- Directed by: Robiul Alam Robi
- Screenplay by: Al-Amin Hasan Nirjhor; Robiul Alam Robi;
- Story by: Al-Amin Hasan Nirjhor; Robiul Alam Robi;
- Produced by: Redoan Rony
- Starring: Yash Rohan; Mehjabin Chowdhury;
- Cinematography: Ishtiaque Hossain Pablo
- Edited by: Saleh Sobhan Aneem
- Music by: Rashid Sharif Shoyeb
- Production company: Chobiyal
- Distributed by: Chorki
- Release date: 5 September 2024;
- Running time: 89 minutes
- Country: Bangladesh
- Language: Bengali

= Forget Me Not (2024 film) =

2024 Bangladeshi drama film

Forget Me Not is a 2024 Bengali-language Bangladeshi romantic psychological drama film. Robiul Alam Robi wrote the screenplay and dialogues along with the direction. Starring Yash Rohan and Mehazabien Chowdhury in the lead roles. This is Ministry of Love's 4th film, which was released on OTT Chorki on 5 September 2024.

==Synopsis==
University student Fahim suicide attempt after the lover Orthi wants to understand, how much was his responsibility? On the other hand, the mother understands how many things are unknown about her son. Two women find different meanings of love while their loved ones are in mourning.

==Cast==
- Mehazabien Chowdhury as Aurthi
- Yash Rohan as Fahim
- Bijori Barkatullah as Fahmida
- Irfan Sajjad as Murtoja

== Production ==
On 3 August 2023, Forget Me Not was announced as the fourth film of Chorki's Ministry of Love film projects.
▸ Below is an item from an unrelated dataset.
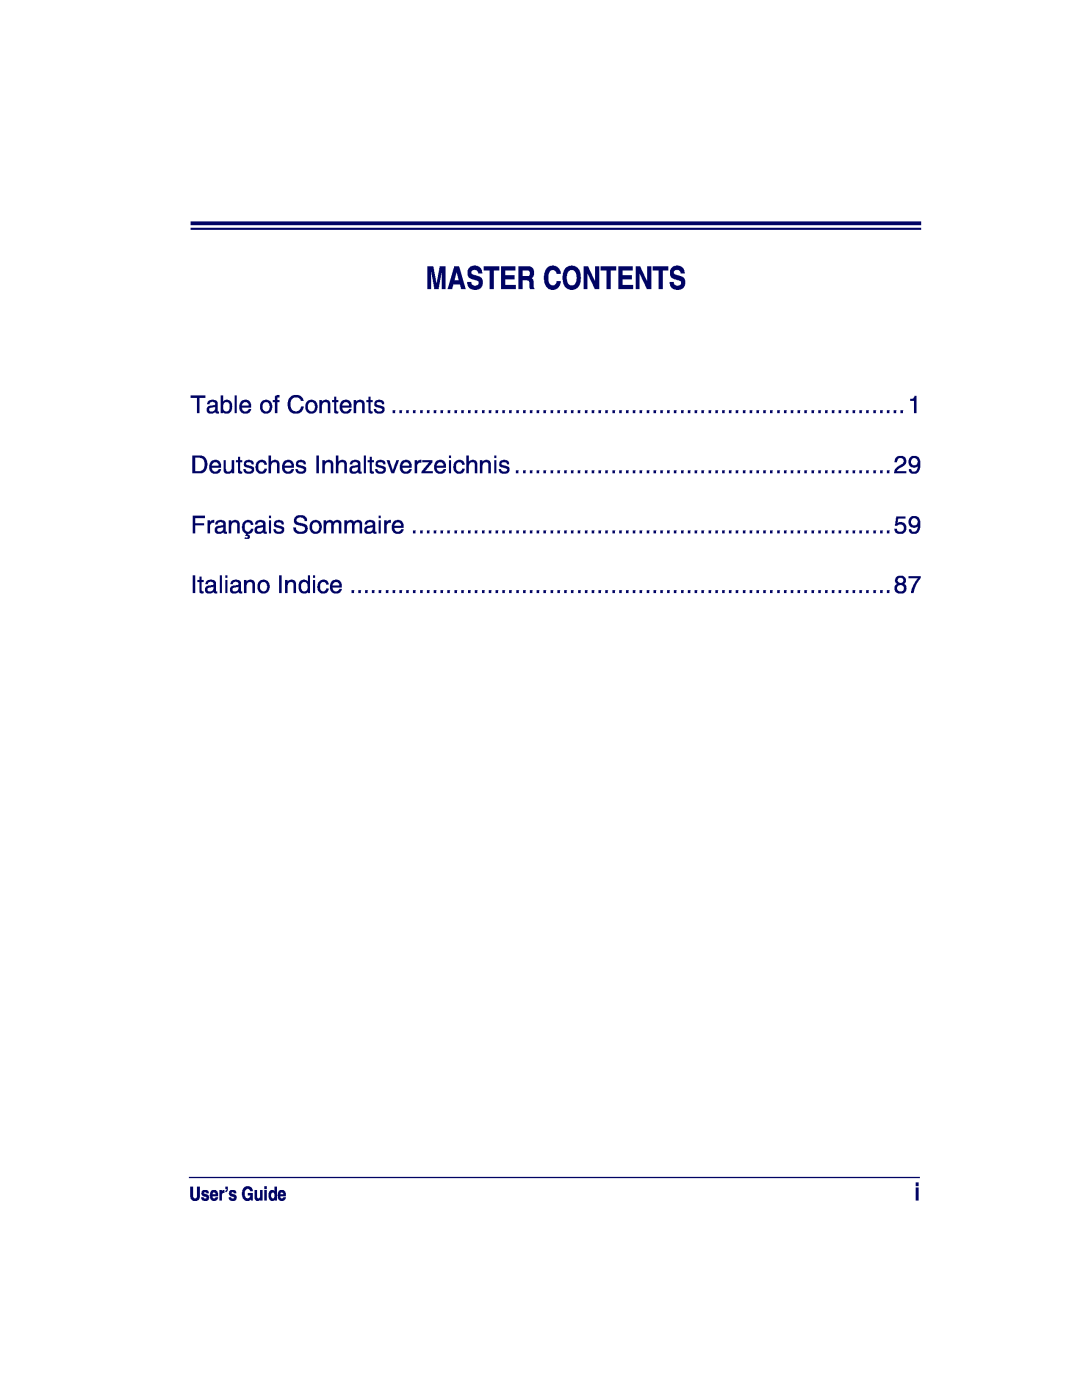 Datalogic Scanning HD User’s Guide, Master Contents, Table of Contents, Deutsches Inhaltsverzeichnis, Français Sommaire

On the night of 29 August 2024, the release date was announced by publishing a poster on Chorki's verified Facebook page. The film's trailer was released on Chorki's Facebook and YouTube channels on the night of 2 September 2024.

==Music==

The song "Fahim O Orthi" was released on YouTube on 3 September 2024. Abdul Majeed Arakani was the singer and lyricist of the song arranged by Mandolin-Liaqat Ali. The second song "Kamne Ki" was released on 4 September. Rabiul Alam composed the music in Rabi's notation and Ahmed Hasan Sani wrote the lyrics.

The movie was released on the OTT platform Chorki on 5 September 2024 at 8 PM.